Sub-grade in steelwork usually refers to the toughness of the steel, and its ability to resist brittle fracture. A Charpy V-notch test is used to determine this. Thicker sections, and those subject to cold temperatures are more at risk, as are those with higher locked in weld stresses.
Hot v. cold rolled hollow sections
For SHS sections a further division is available as between hot rolled and cold rolled versions of the same serial sizes with hot rolled options generally having better buckling resistance. However, the main point is that designers must be precise when specifying products. One case is known of when a key connection failed because threaded bars of grade 4.6 were used instead of the grade 8.8 intended.
One case is known of when a key connection failed because threaded bars of grade 4.6 were used instead of the grade 8.8 intended
CROSS report 761 (Major UK steel manufacturer talks about steel substitution) from a UK steel manufacturer responding to a similar report (740 Common use of S235 cold rolled steel instead of S355 hot rolled steel) also notes that the cold rolled product does not require the same “quality, traceability and testing” as the hot rolled, and may require different welding processes and weld design considerations.

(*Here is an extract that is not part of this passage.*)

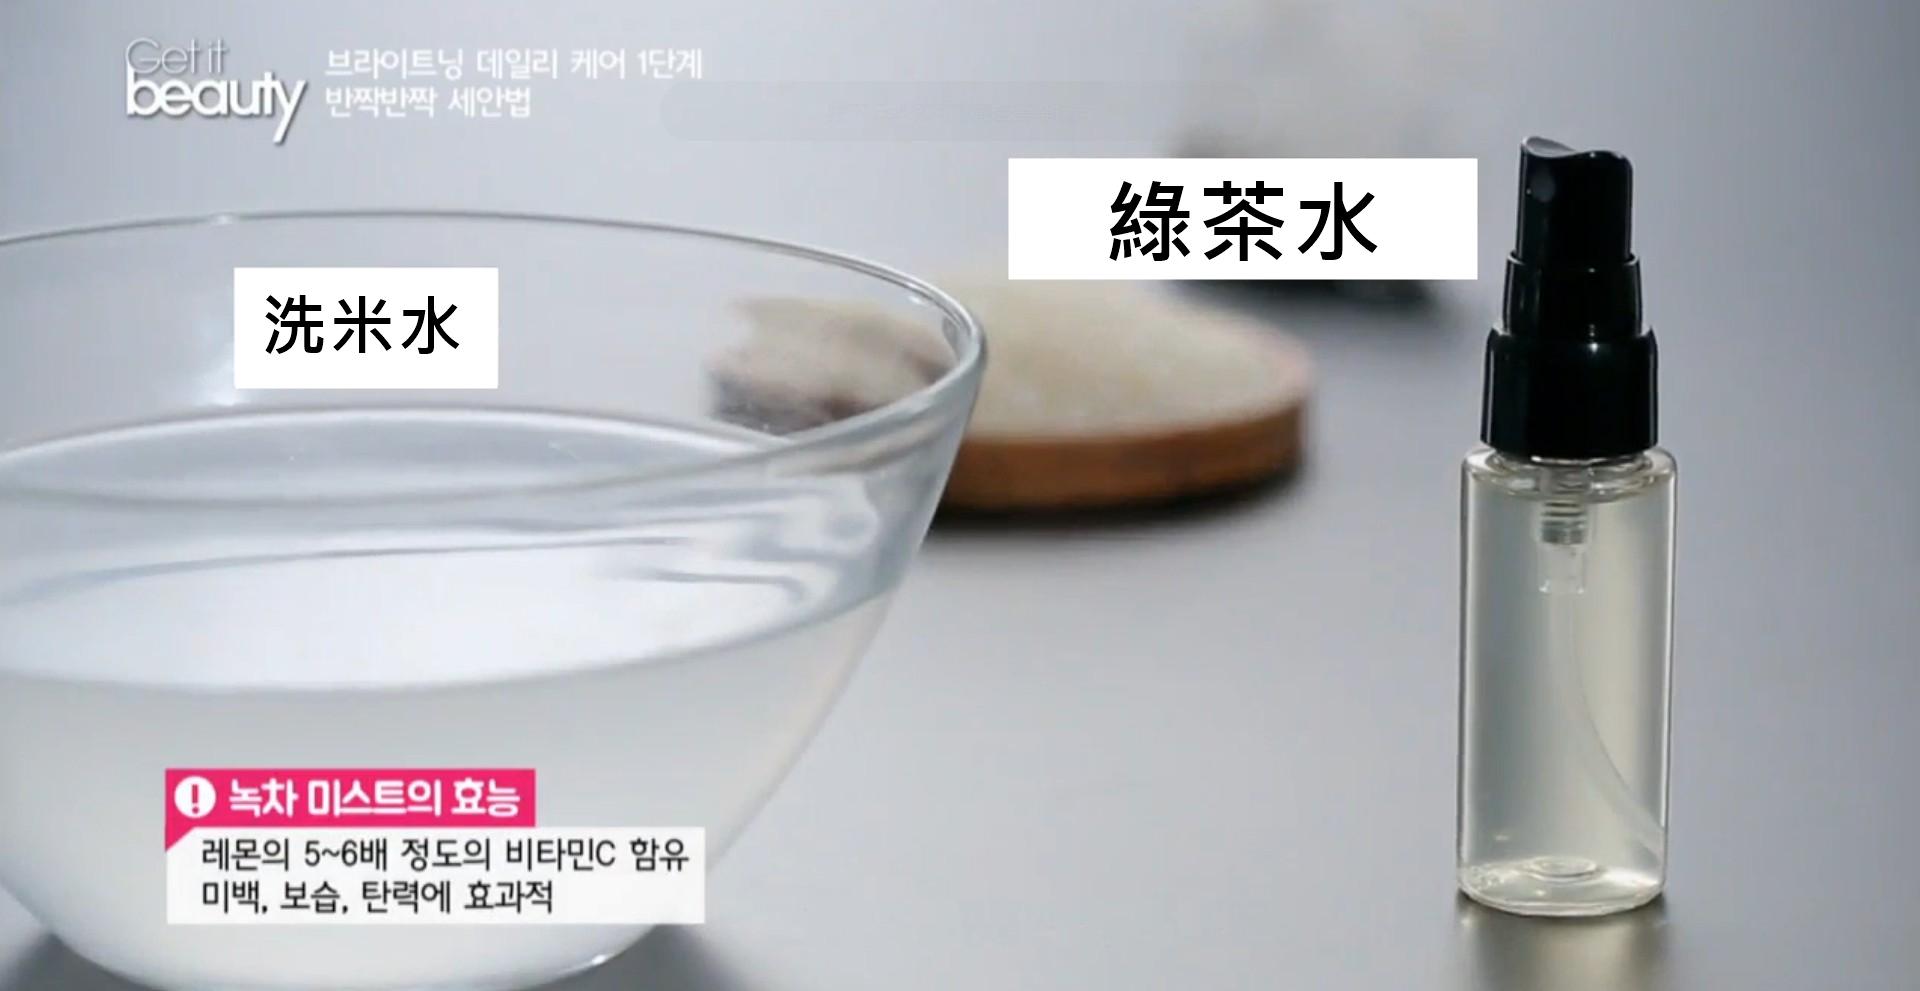 Step1 老師的小祕訣就是洗米後將水保存下來。一週2~3天,日常洗臉後,再用洗米水洗一次,洗米水可以提升臉部水分吸收力。

Thus, the implications of substitution may go beyond simply the change in strength.
Specifying steel grade and sub-grade
It is essential that the correct grade and sub-grade of steel is specified for the appropriate use. Modern architecture often calls for externally exposed steelwork, for instance to provide support to brise-soleil. In such cases the external exposure of the steel demands an appropriate sub-grade to be specified to account for external exposure. There is much published information on this matter e.g. SCI 491 brittle fracture; selection of steel subgrade to BS EN 1993.1.10, by way of example.
An aspect to be considered is suppliers may offer inappropriate steel sub-grades because they have cheaper alternatives available.